Und weil zu jenem Rahmen auch eine weibliche Begleitung gehört, darf diese hier genauso reizvoll mit einstimmen. Gemäß des porträtierten Zeitkolorits wundert es sogar, dass der Film nicht weit sexistischer geworden ist, sobald er Gaby (Alicia Vikander) als Mittlerin zwischen den Ideologien einführt – die Tochter eines brillanten Atomwissenschaftlers, der für böse Machenschaften gefangen gehalten wird. In Italien soll sie sich als Verlobte Illyas ausgeben, der sich wiederum als Architekt ausgibt. Allerdings übernimmt sie schnell die Überhand, da sie in der Freizeit gerne Kerle catcht und im Vergleich zu ihren Begleitern mehr von Mode versteht – obwohl Solo und Kuryakin Marken und Dresscodes für alle Geschlechter auswendig kennen. Gaby und Illya kommen sich in dieser gegensätzlichen Verbindung näher, Napoleon nimmt es dagegen locker und tourt mit mehreren hübschen Damen herum – als Playboy, wie er im Buche steht. Schön wird es dann natürlich, als die Recken ihre jeweiligen Fähigkeiten vergleichen und widerwillig im Auftrag des Weltfriedens ergänzen müssen. Da wird im mediterranen Klima im Smoking und mit Lederhandschuh geprügelt, getrickst und geschossen. Ganz schön tough, aber auch mächtig trivial.
Grund genug für Ritchie, den Spaß mit einer Lust zu untermauern, die zu einigen der spaßigsten Sequenzen des Kinojahres führt. Da wird ein routiniertes Actionszenario nebenbei geklärt, um Stullen, Trauben und Wein im Körbchen zu finden. Da eskaliert die Suche nach einer alten Uhr zum explosiven Extrem, ohne dass Solo schwitzt. Da verwandelt sich die Inselburg durch ein amphibisches Ungetüm zum Offroad-Abenteuer im Schlamm, bei dem der Soundtrack so heftig peitscht, als wäre George Miller im Eurochic gelandet. Ohnehin ist die Stilechtheit ausgefeilt genug, dass zwischen Titeln von Stelvio Cipriani und Ennio Morricone jedes originelle Musikstück als Weiterentwicklung spürbar wird – gleiches gilt für die visuelle Note, die eine ähnliche Sprache spricht. Man bemerke allein, wie kompakt und clever Ritchie seine Sequenzen sowie Charaktere aufbaut, Dampf macht und Situationen mit reißender Kraft vorwegnimmt, um sie im Nachhinein als ausgeklügeltes Spiel zu offenbaren – wie in einem formvollendeten Giallo, doch ebenso weit hergeholt wie bei einem typischen Agentenfilm von damals. Harry Hart aus „Kingsman – The Secret Service“ wäre höchst erfreut.

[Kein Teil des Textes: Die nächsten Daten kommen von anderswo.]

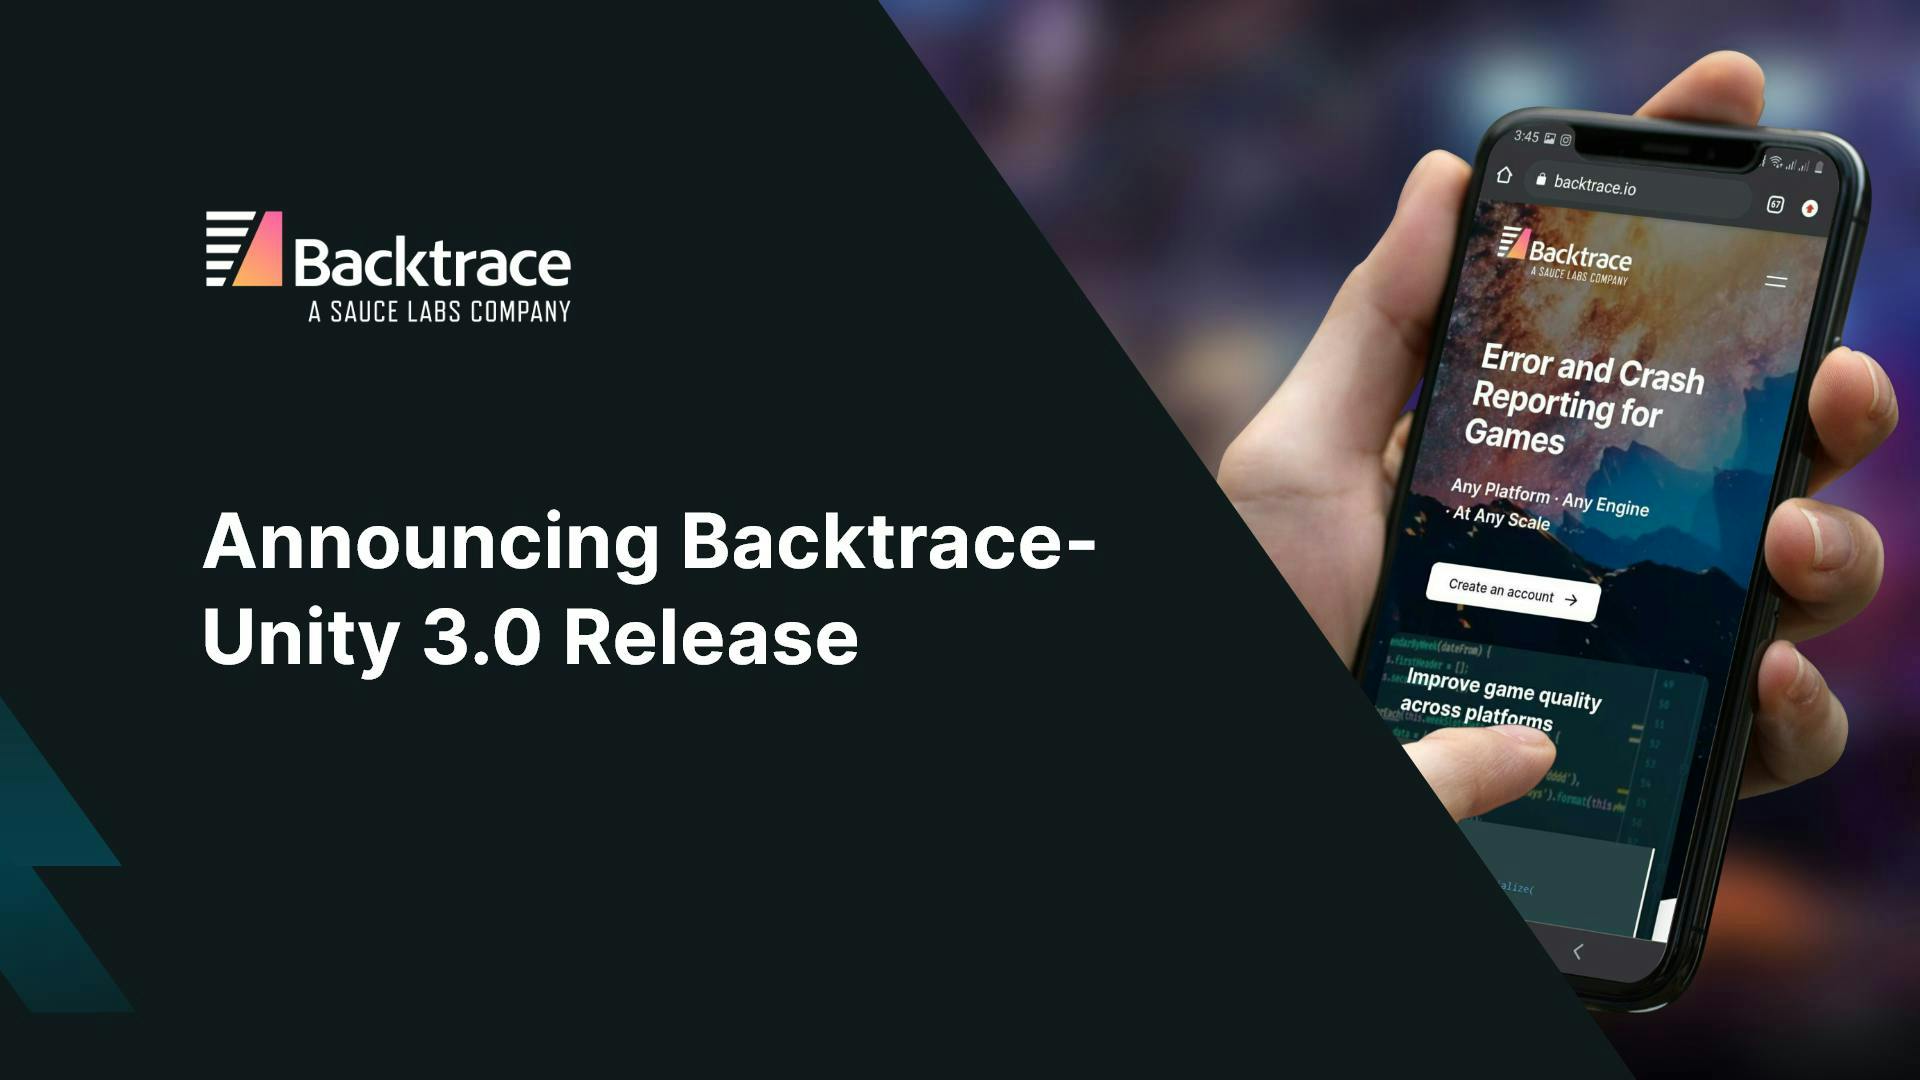 Thumbnail image for blog post: Announcing Backtrace-Unity 3.0.0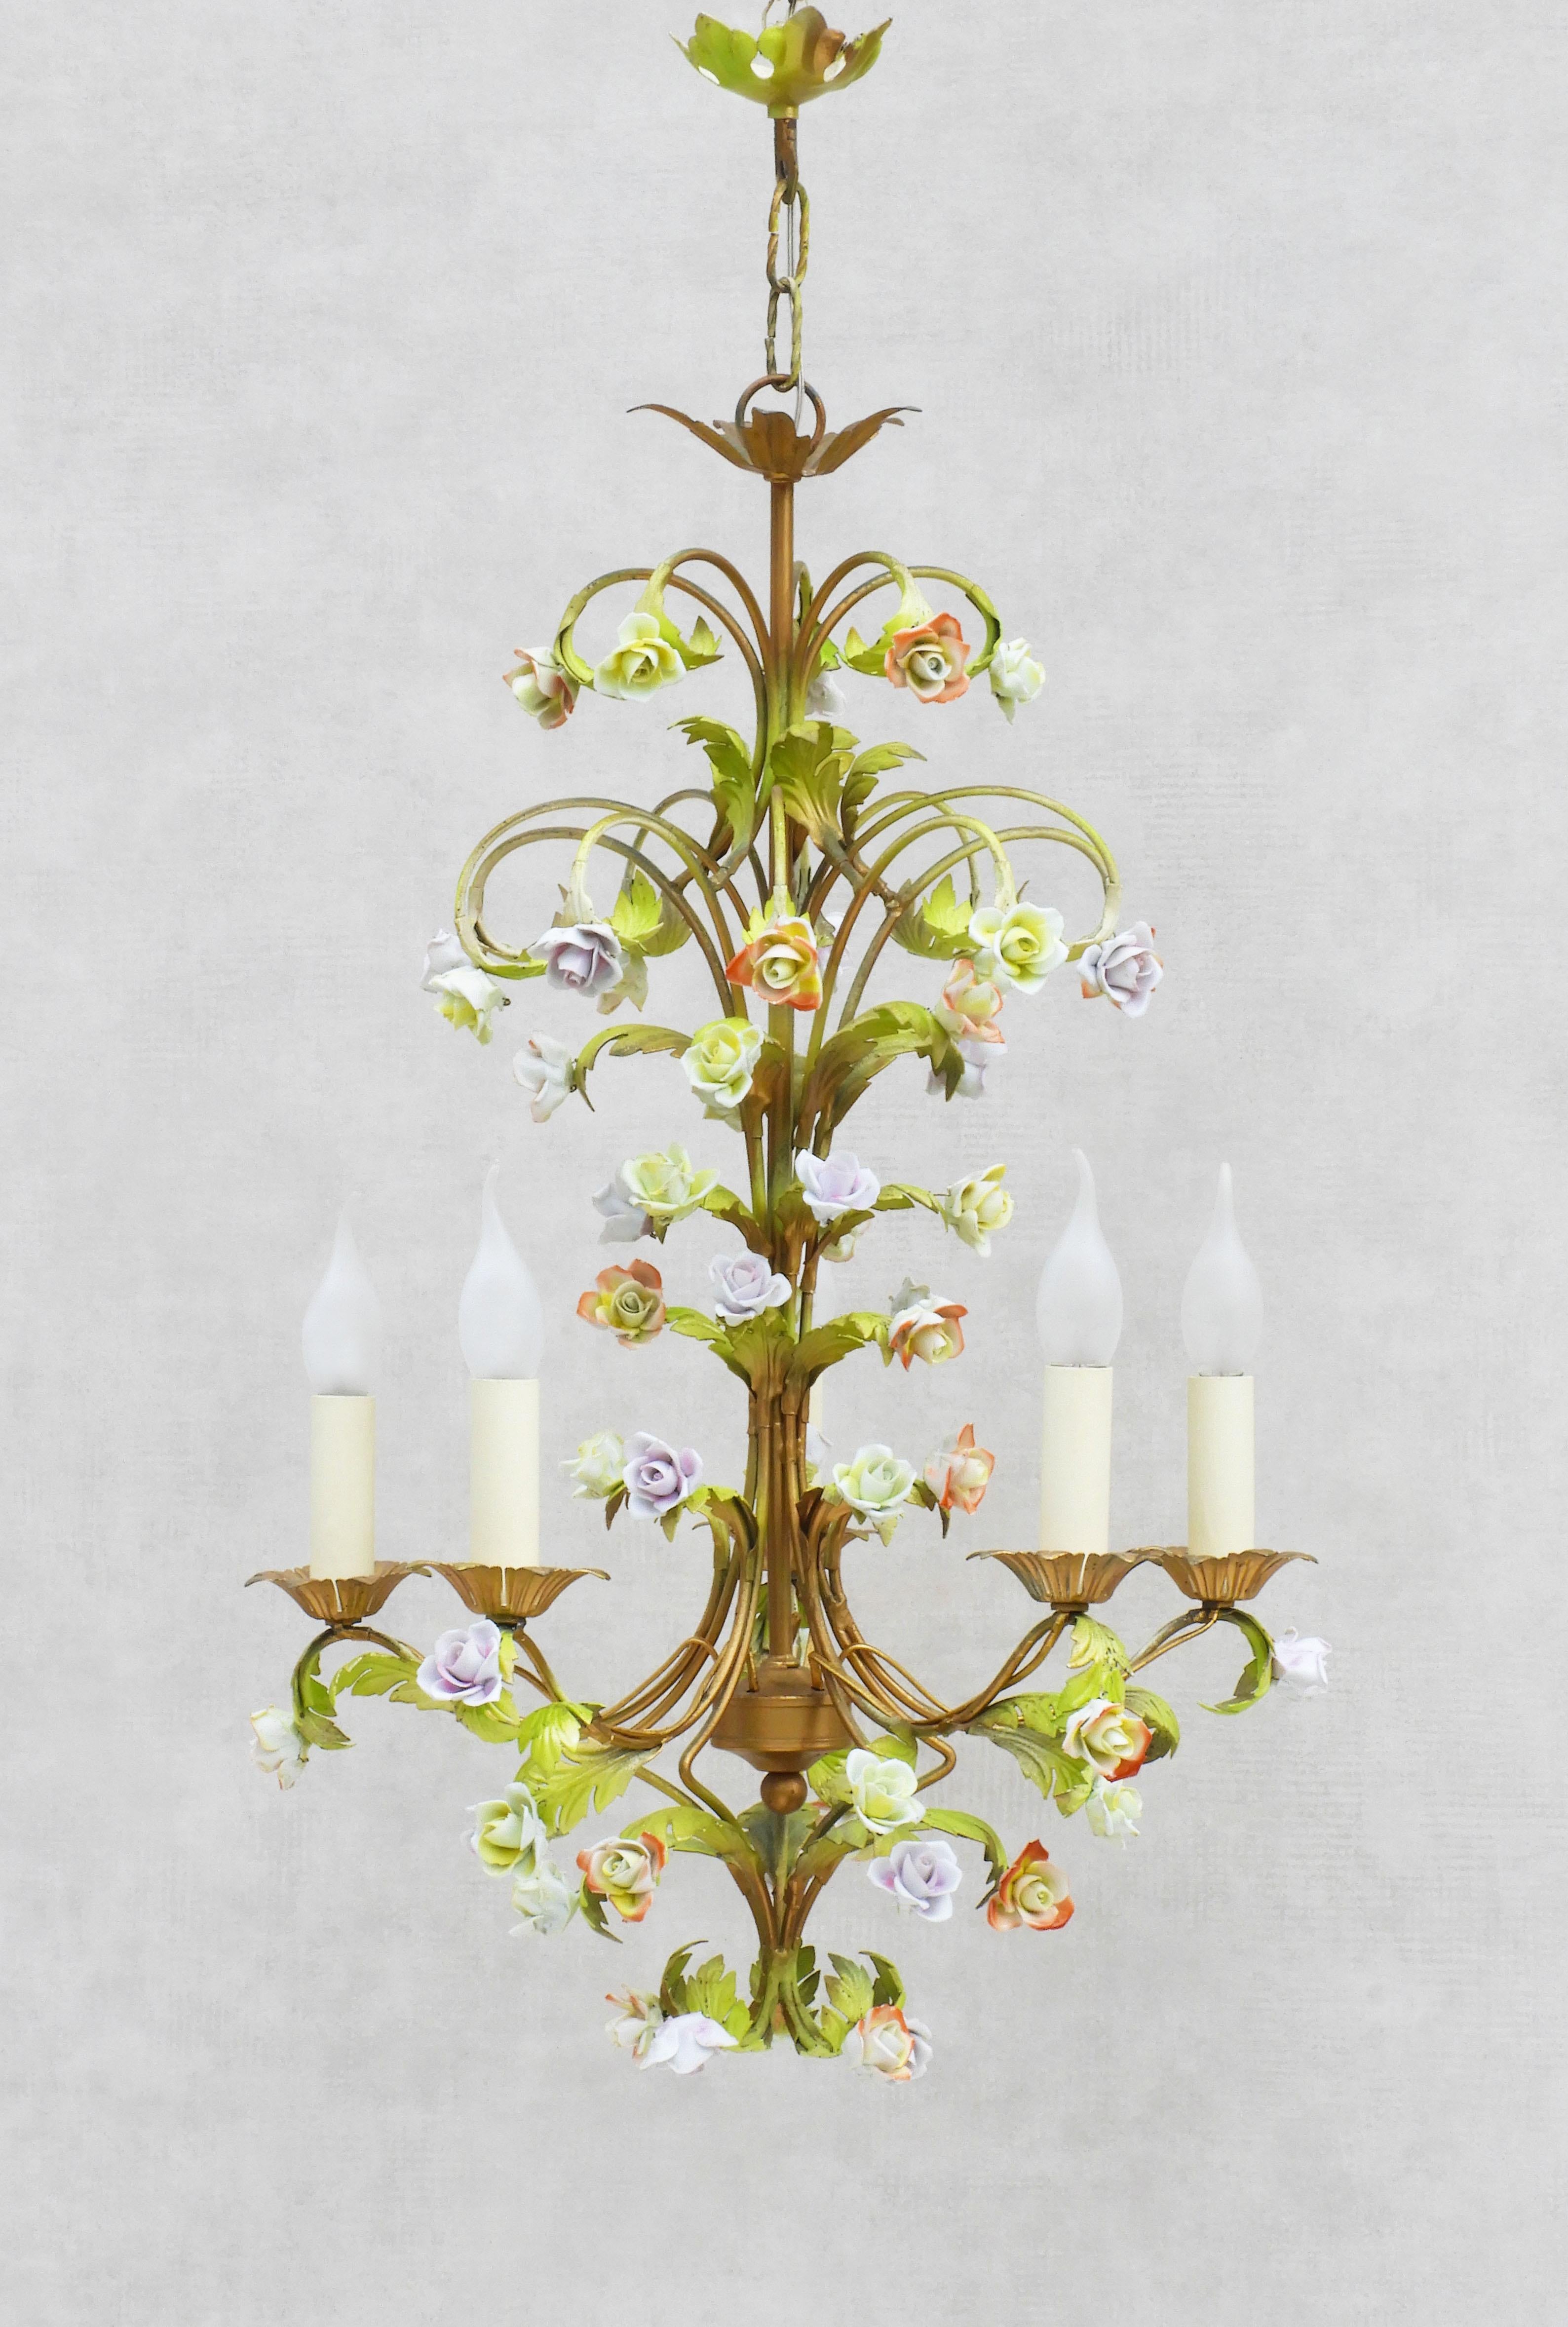 Hand-Crafted Midcentury Toleware Chandelier with Porcelaine Rose Pampilles circa 1950s France

Nun sollte bei aller Lust und Laune aber nicht erwartet werden, dass „Codename U.N.C.L.E.“ sein Genre revolutioniert oder künstlerischen Mehrwert bietet, der Hintergründe aufdeckt. Für jene, die mit derartigem Anspruch an diesen Film herantreten, dürfte es also problematisch werden – wie auch politische Korrektheit eher zweitrangig ist und Style over substance als entschiedenes Motto wirkt. Glücklicherweise verhandelt der Film aber auch nicht mehr Versprechen, als er beanspruchen will und erschafft im Umkehrschluss Nervenkitzel und Witz, bei denen ein Geschick angewendet wird, wie es ausschließlich freche Briten hinzukriegen scheinen. Und wenn ein Film dieses Jahr für freche Jungs mit Faible für Vintage greatness hergestellt worden zu sein scheint, dann dieser hier.